Software was written to extract image data from files stored in MED VISION and DICOM formats. These 
two image file formats are widely used in MDACC. Code was developed to remove patient data from the 
test images in order to preserve the patient confidentiality throughout our tests. Unix scripts were written to 
facilitate running tests in batch mode. Software was also developed to perform basic image processing 
operations in order to assist testing and exploration of image properties. A Genetic Algorithms program 
was written to perform image clustering. Finally, software was developed to implement the MARS, MAZE 
and MaxGBA methods. All software was designed using the object-oriented design methodology and was 
implemented in C++ on a Unix platform. 


7. THE NEW SRC COMPRESSION METHODS 

Three new lossless Set Redundancy Compression methods were developed in this research: the MARS 
(Median-Aided Region Sorting) method, the MAZE (Max-Aided Zero Elimination) method and the 
MaxGBA (Max-Guided Bit Allocation) method. 

7.1 The MARS method 

The Median- Aided Region Sorting (MARS) method starts with converting the input images into their 
“differential” versions replacing pixel values with their differences from a predicted value (the prediction is 
based on a scheme similar to the one used in the Calic method). The “median” image is then created from 
these differential images, and it is segmented into regions of same value. These regions are subsequently 
used as a guide to “sort” the pixel values in each input image: based on the “region map” from the median 
image, we rearrange the pixels in each input image so that pixels from the value-0 regions are stored first, 
followed by the pixels from the value- 1 regions, and so on.

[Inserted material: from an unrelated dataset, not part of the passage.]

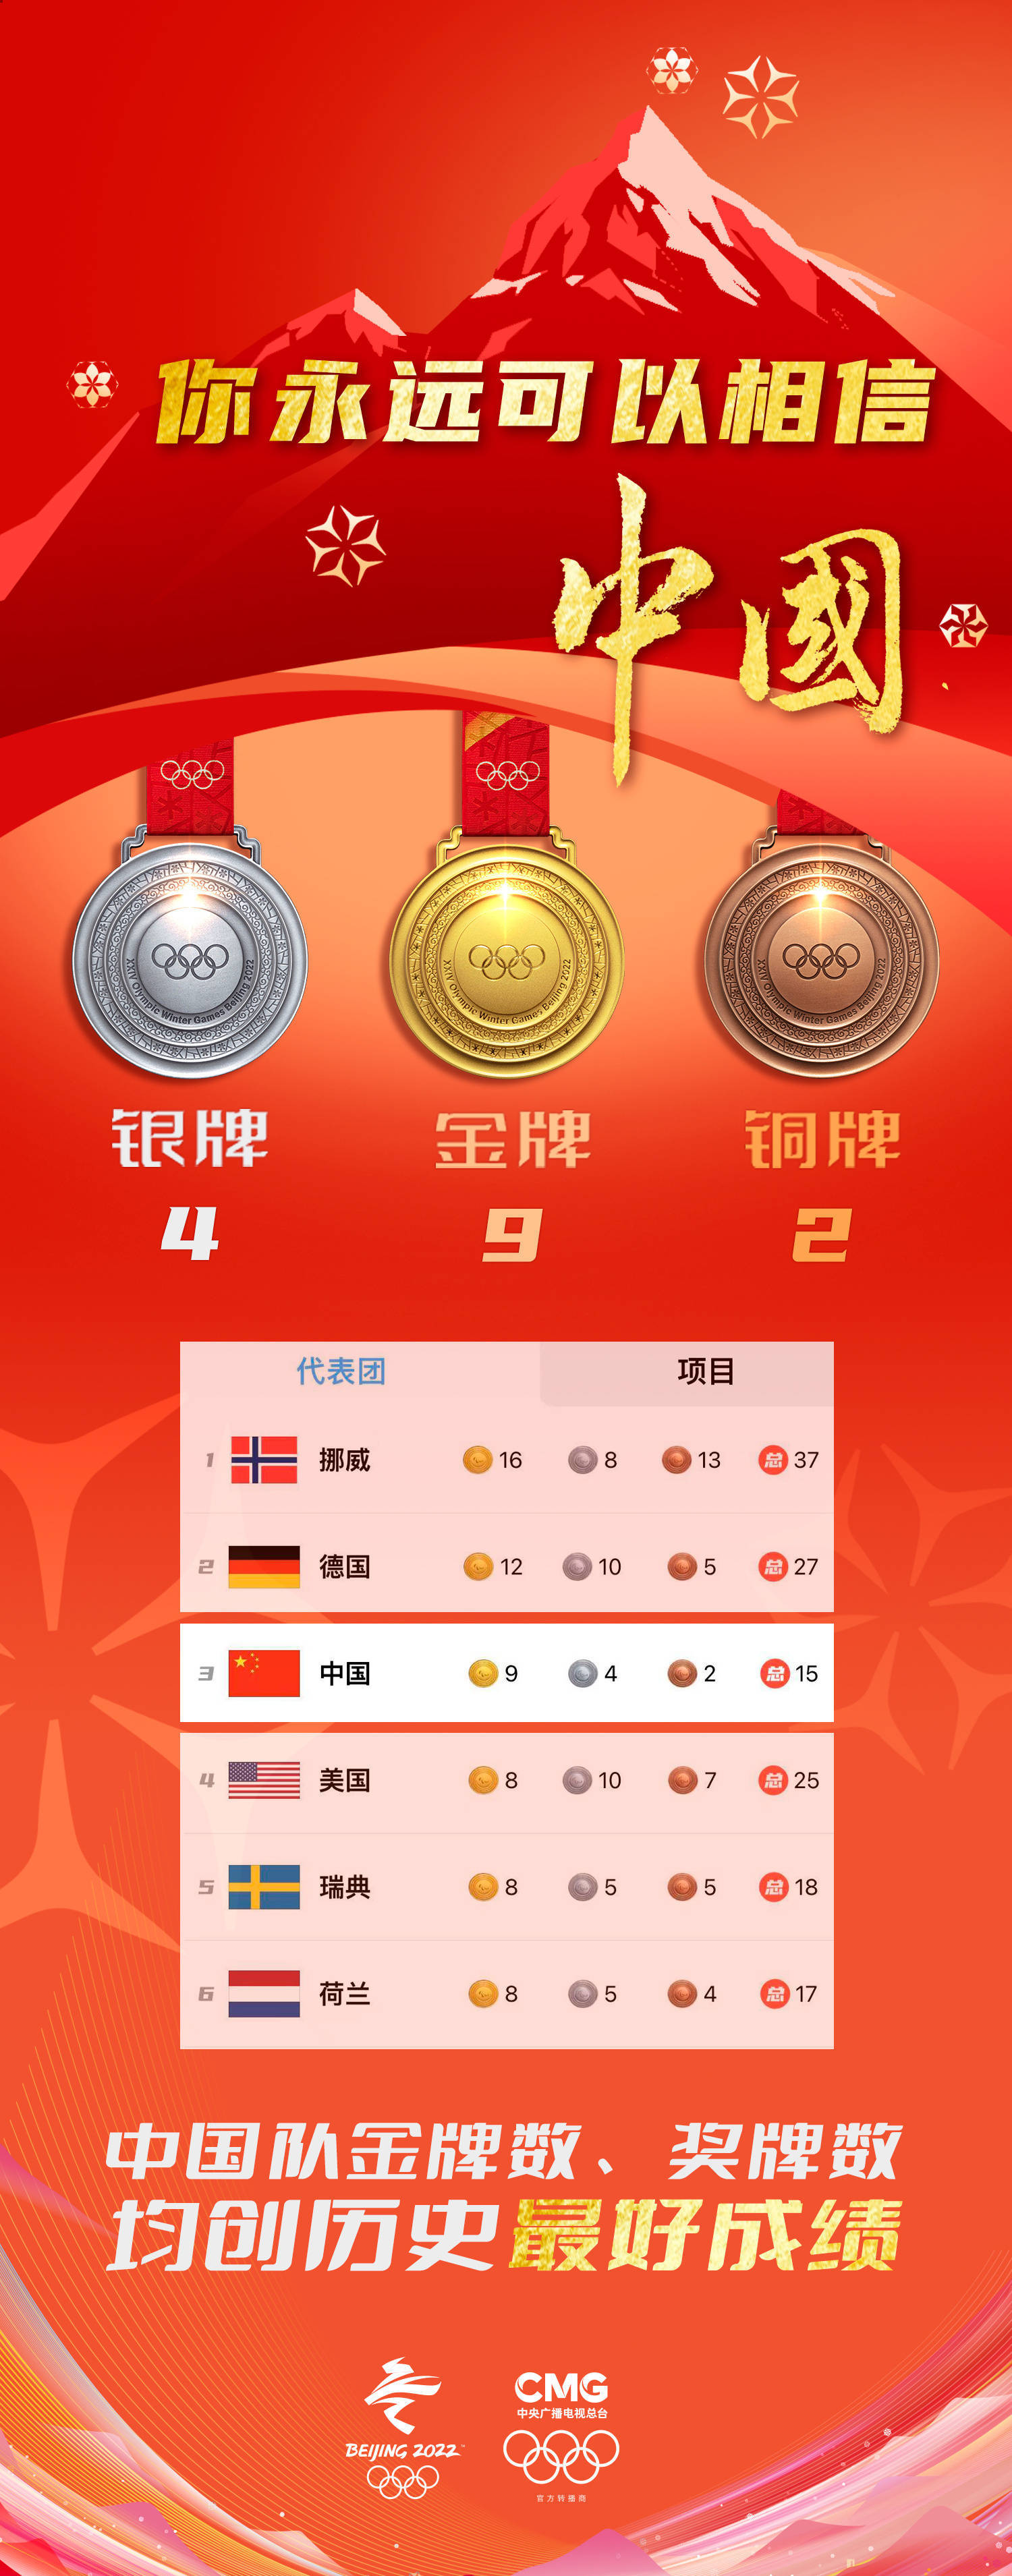 历史|祝贺！中国队位列奖牌榜第三位 金牌数、奖牌数均创历史最好成绩

The “sorting” would be perfect only if it was 
applied to the median image itself; in all other images it is expected to be only approximate, since in 
general the region map of the median image only approximately represents the real region map of any of 
the input images. However, although this pixel sorting is not perfect, it can help to improve compression by 
using any standard entropy-encoder as the last step. The theoretical “best-case” when sorting is perfect was 
studied experimentally and it was found that it results in almost 90:1 lossless compression. This of course 
cannot be achieved in practice, however it indicates the potential of the MARS method. The MARS 
method is lossless. 

7.2 The MAZE method 

Similar to the MARS method, the Median-Aided Zero Elimination (MAZE) method starts with converting 
the input images into their “differential” versions replacing pixel values with their differences from the 
predicted values. The “maximum” image is then created from these differential images, and it is used to 
identify the pixels with 0 value from the input images. Note that if a pixel in the max image has 0 value, 
then it is guaranteed that the same pixel in all input images has also 0 value. These pixels can then safely 
be removed from all input images, since the “knowledge” to put them back has been captured into the max 
image. Thus the MAZE method reduces the number of pixels with 0 value from the input images. Since 
these image are actually differential images, it is expected that they will have a large number of pixels with 
0 value, thus the potential size reduction can be significant. The MAZE method is lossless. 

7.3 The MaxGBA method 

The MaxGBA (Maximum-Guided Bit Allocation) method uses the “maximum” image from the set of 
similar images to guide the bit allocation when encoding pixels of a given input image. The maximum 
image is created to store the statistical maximum values from a given image set; every pixel of the 
maximum image contains the largest value from all pixels at the same position across all images in the set.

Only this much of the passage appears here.